-- Try it --
For this exercise, transcribe the records below without changing a word.

-- Information given --
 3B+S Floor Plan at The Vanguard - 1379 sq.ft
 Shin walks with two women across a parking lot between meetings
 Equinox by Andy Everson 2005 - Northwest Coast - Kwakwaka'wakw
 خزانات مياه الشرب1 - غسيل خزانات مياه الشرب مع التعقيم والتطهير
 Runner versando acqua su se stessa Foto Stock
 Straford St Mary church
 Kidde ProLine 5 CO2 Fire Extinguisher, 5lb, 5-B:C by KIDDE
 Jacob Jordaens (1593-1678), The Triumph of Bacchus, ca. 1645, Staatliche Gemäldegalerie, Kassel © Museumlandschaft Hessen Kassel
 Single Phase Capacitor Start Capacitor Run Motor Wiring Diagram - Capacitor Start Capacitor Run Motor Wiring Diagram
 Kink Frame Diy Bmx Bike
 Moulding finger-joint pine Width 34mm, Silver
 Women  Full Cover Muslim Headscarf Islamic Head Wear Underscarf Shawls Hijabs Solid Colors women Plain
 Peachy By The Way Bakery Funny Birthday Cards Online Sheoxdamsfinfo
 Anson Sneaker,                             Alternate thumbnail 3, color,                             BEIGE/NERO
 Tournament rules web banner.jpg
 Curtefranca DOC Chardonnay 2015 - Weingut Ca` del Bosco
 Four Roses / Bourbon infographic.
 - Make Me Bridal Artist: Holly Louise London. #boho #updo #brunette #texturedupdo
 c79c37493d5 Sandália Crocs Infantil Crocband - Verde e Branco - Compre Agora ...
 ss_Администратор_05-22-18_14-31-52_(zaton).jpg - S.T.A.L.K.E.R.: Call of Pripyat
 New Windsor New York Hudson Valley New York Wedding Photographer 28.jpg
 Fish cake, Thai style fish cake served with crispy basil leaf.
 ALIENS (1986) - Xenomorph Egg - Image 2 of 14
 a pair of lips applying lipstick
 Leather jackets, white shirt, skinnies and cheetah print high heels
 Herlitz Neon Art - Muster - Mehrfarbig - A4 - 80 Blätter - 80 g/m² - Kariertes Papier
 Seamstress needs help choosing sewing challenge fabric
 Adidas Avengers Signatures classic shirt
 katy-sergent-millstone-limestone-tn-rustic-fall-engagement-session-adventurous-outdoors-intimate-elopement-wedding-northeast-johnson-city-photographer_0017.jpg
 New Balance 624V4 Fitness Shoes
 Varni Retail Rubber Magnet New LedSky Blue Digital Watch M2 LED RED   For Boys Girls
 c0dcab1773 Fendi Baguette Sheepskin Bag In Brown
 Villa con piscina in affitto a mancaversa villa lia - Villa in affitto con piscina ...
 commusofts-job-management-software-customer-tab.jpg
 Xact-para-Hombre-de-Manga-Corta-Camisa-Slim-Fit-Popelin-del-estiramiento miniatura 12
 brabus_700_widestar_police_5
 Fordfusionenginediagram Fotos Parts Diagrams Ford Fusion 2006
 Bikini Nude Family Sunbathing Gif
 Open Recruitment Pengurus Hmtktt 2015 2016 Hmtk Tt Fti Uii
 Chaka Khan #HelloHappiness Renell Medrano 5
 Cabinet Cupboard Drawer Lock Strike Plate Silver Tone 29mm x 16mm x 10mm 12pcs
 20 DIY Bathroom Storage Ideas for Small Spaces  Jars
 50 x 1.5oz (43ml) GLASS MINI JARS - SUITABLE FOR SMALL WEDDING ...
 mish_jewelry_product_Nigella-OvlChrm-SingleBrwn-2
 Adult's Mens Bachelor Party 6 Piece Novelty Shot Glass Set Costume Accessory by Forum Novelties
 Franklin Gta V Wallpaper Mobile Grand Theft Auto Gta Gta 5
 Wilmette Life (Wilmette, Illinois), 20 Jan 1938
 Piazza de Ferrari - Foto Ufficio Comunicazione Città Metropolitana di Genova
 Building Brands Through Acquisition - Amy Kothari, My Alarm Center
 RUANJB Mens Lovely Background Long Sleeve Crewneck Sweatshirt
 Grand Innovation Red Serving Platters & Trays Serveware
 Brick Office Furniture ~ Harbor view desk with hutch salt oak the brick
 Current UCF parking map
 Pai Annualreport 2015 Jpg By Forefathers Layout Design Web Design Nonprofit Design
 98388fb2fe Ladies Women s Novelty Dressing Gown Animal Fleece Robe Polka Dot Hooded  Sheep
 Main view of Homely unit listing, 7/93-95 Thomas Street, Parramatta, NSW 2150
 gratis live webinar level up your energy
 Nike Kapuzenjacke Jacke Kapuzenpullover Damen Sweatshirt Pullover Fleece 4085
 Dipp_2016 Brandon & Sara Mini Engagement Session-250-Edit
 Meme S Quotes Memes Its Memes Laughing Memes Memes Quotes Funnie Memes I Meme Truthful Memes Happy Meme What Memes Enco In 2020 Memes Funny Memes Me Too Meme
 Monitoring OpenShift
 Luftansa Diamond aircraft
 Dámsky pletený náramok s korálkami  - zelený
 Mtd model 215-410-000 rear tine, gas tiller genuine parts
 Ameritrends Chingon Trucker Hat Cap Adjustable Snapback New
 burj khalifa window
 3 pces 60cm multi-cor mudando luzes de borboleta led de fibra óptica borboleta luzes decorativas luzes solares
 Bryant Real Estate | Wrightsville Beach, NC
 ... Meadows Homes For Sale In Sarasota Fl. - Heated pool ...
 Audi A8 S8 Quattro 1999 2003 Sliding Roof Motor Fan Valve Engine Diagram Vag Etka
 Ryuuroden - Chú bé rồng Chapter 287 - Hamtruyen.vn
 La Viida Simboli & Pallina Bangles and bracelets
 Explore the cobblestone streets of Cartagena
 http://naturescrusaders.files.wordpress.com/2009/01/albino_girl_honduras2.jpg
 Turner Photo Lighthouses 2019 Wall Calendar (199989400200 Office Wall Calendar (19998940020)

-- Exercise result --
 3B+S Floor Plan at The Vanguard - 1379 sq.ft
 Shin walks with two women across a parking lot between meetings
 Equinox by Andy Everson 2005 - Northwest Coast - Kwakwaka'wakw
 خزانات مياه الشرب1 - غسيل خزانات مياه الشرب مع التعقيم والتطهير
 Runner versando acqua su se stessa Foto Stock
 Straford St Mary church
 Kidde ProLine 5 CO2 Fire Extinguisher, 5lb, 5-B:C by KIDDE
 Jacob Jordaens (1593-1678), The Triumph of Bacchus, ca. 1645, Staatliche Gemäldegalerie, Kassel © Museumlandschaft Hessen Kassel
 Single Phase Capacitor Start Capacitor Run Motor Wiring Diagram - Capacitor Start Capacitor Run Motor Wiring Diagram
 Kink Frame Diy Bmx Bike
 Moulding finger-joint pine Width 34mm, Silver
 Women  Full Cover Muslim Headscarf Islamic Head Wear Underscarf Shawls Hijabs Solid Colors women Plain
 Peachy By The Way Bakery Funny Birthday Cards Online Sheoxdamsfinfo
 Anson Sneaker,                             Alternate thumbnail 3, color,                             BEIGE/NERO
 Tournament rules web banner.jpg
 Curtefranca DOC Chardonnay 2015 - Weingut Ca` del Bosco
 Four Roses / Bourbon infographic.
 - Make Me Bridal Artist: Holly Louise London. #boho #updo #brunette #texturedupdo
 c79c37493d5 Sandália Crocs Infantil Crocband - Verde e Branco - Compre Agora ...
 ss_Администратор_05-22-18_14-31-52_(zaton).jpg - S.T.A.L.K.E.R.: Call of Pripyat
 New Windsor New York Hudson Valley New York Wedding Photographer 28.jpg
 Fish cake, Thai style fish cake served with crispy basil leaf.
 ALIENS (1986) - Xenomorph Egg - Image 2 of 14
 a pair of lips applying lipstick
 Leather jackets, white shirt, skinnies and cheetah print high heels
 Herlitz Neon Art - Muster - Mehrfarbig - A4 - 80 Blätter - 80 g/m² - Kariertes Papier
 Seamstress needs help choosing sewing challenge fabric
 Adidas Avengers Signatures classic shirt
 katy-sergent-millstone-limestone-tn-rustic-fall-engagement-session-adventurous-outdoors-intimate-elopement-wedding-northeast-johnson-city-photographer_0017.jpg
 New Balance 624V4 Fitness Shoes
 Varni Retail Rubber Magnet New LedSky Blue Digital Watch M2 LED RED   For Boys Girls
 c0dcab1773 Fendi Baguette Sheepskin Bag In Brown
 Villa con piscina in affitto a mancaversa villa lia - Villa in affitto con piscina ...
 commusofts-job-management-software-customer-tab.jpg
 Xact-para-Hombre-de-Manga-Corta-Camisa-Slim-Fit-Popelin-del-estiramiento miniatura 12
 brabus_700_widestar_police_5
 Fordfusionenginediagram Fotos Parts Diagrams Ford Fusion 2006
 Bikini Nude Family Sunbathing Gif
 Open Recruitment Pengurus Hmtktt 2015 2016 Hmtk Tt Fti Uii
 Chaka Khan #HelloHappiness Renell Medrano 5
 Cabinet Cupboard Drawer Lock Strike Plate Silver Tone 29mm x 16mm x 10mm 12pcs
 20 DIY Bathroom Storage Ideas for Small Spaces  Jars
 50 x 1.5oz (43ml) GLASS MINI JARS - SUITABLE FOR SMALL WEDDING ...
 mish_jewelry_product_Nigella-OvlChrm-SingleBrwn-2
 Adult's Mens Bachelor Party 6 Piece Novelty Shot Glass Set Costume Accessory by Forum Novelties
 Franklin Gta V Wallpaper Mobile Grand Theft Auto Gta Gta 5
 Wilmette Life (Wilmette, Illinois), 20 Jan 1938
 Piazza de Ferrari - Foto Ufficio Comunicazione Città Metropolitana di Genova
 Building Brands Through Acquisition - Amy Kothari, My Alarm Center
 RUANJB Mens Lovely Background Long Sleeve Crewneck Sweatshirt
 Grand Innovation Red Serving Platters & Trays Serveware
 Brick Office Furniture ~ Harbor view desk with hutch salt oak the brick
 Current UCF parking map
 Pai Annualreport 2015 Jpg By Forefathers Layout Design Web Design Nonprofit Design
 98388fb2fe Ladies Women s Novelty Dressing Gown Animal Fleece Robe Polka Dot Hooded  Sheep
 Main view of Homely unit listing, 7/93-95 Thomas Street, Parramatta, NSW 2150
 gratis live webinar level up your energy
 Nike Kapuzenjacke Jacke Kapuzenpullover Damen Sweatshirt Pullover Fleece 4085
 Dipp_2016 Brandon & Sara Mini Engagement Session-250-Edit
 Meme S Quotes Memes Its Memes Laughing Memes Memes Quotes Funnie Memes I Meme Truthful Memes Happy Meme What Memes Enco In 2020 Memes Funny Memes Me Too Meme
 Monitoring OpenShift
 Luftansa Diamond aircraft
 Dámsky pletený náramok s korálkami  - zelený
 Mtd model 215-410-000 rear tine, gas tiller genuine parts
 Ameritrends Chingon Trucker Hat Cap Adjustable Snapback New
 burj khalifa window
 3 pces 60cm multi-cor mudando luzes de borboleta led de fibra óptica borboleta luzes decorativas luzes solares
 Bryant Real Estate | Wrightsville Beach, NC
 ... Meadows Homes For Sale In Sarasota Fl. - Heated pool ...
 Audi A8 S8 Quattro 1999 2003 Sliding Roof Motor Fan Valve Engine Diagram Vag Etka
 Ryuuroden - Chú bé rồng Chapter 287 - Hamtruyen.vn
 La Viida Simboli & Pallina Bangles and bracelets
 Explore the cobblestone streets of Cartagena
 http://naturescrusaders.files.wordpress.com/2009/01/albino_girl_honduras2.jpg
 Turner Photo Lighthouses 2019 Wall Calendar (199989400200 Office Wall Calendar (19998940020)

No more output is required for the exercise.